DATA LISTING:
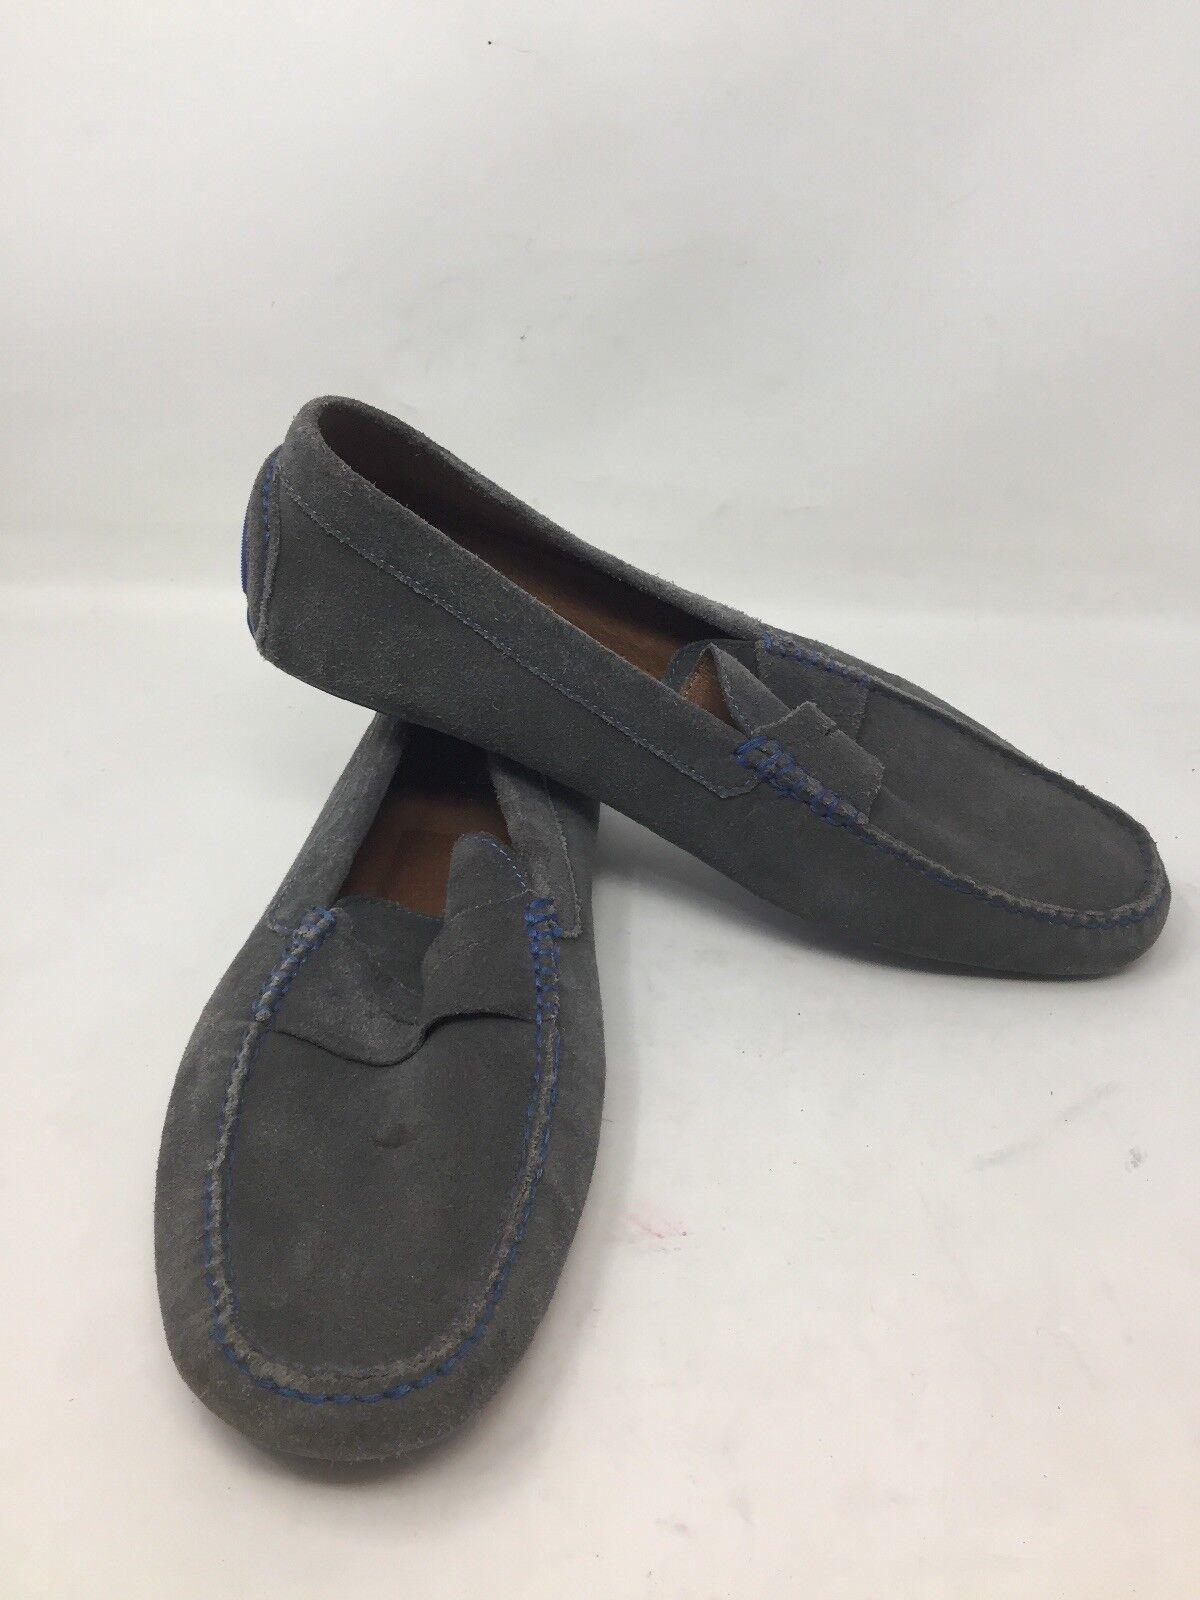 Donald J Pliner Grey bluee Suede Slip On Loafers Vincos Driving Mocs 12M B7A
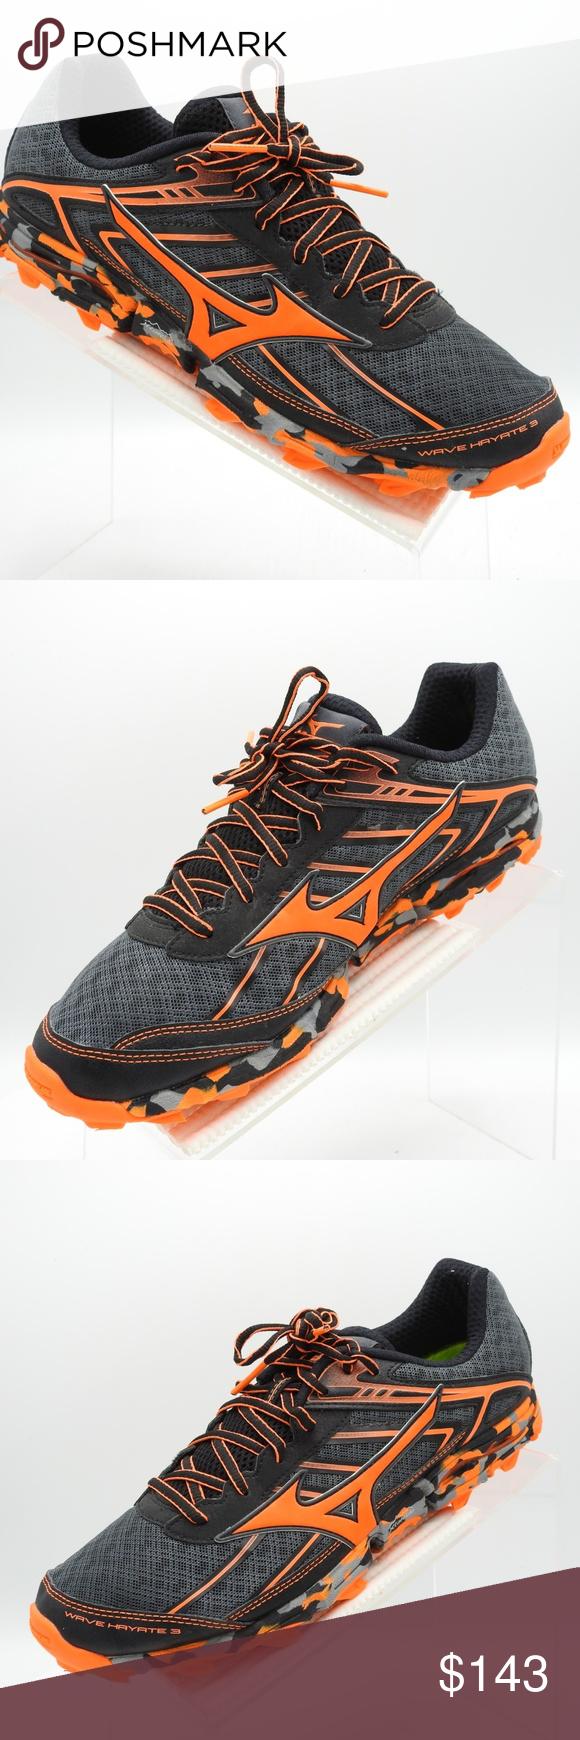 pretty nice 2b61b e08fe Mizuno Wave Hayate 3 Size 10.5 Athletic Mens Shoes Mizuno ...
--
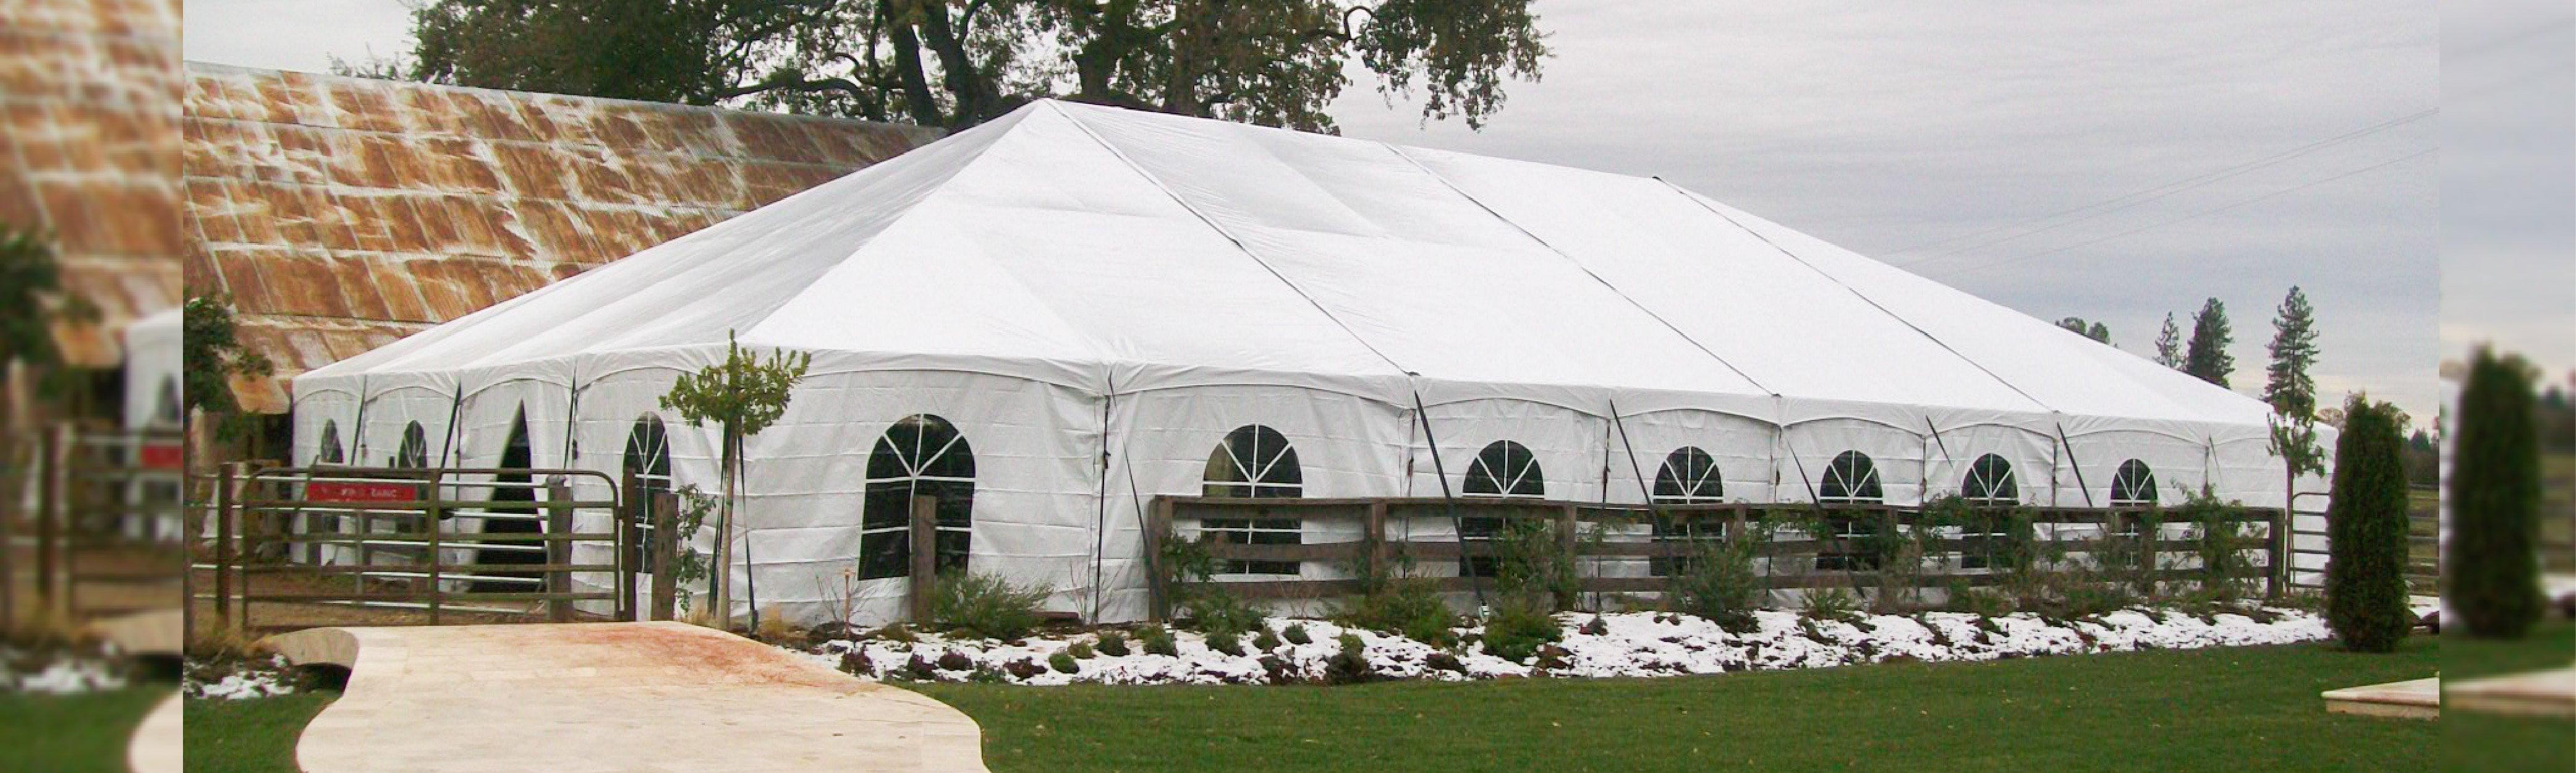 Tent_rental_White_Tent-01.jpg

AIM OF THE TASK:
Could you transcribe exactly the entries above, but only the lines from the one with "Donald J Pliner" through the one with "pretty nice 2b61b", and without pictures?

WRITTEN SOLUTION:
 Donald J Pliner Grey bluee Suede Slip On Loafers Vincos Driving Mocs 12M B7A
 pretty nice 2b61b e08fe Mizuno Wave Hayate 3 Size 10.5 Athletic Mens Shoes Mizuno ...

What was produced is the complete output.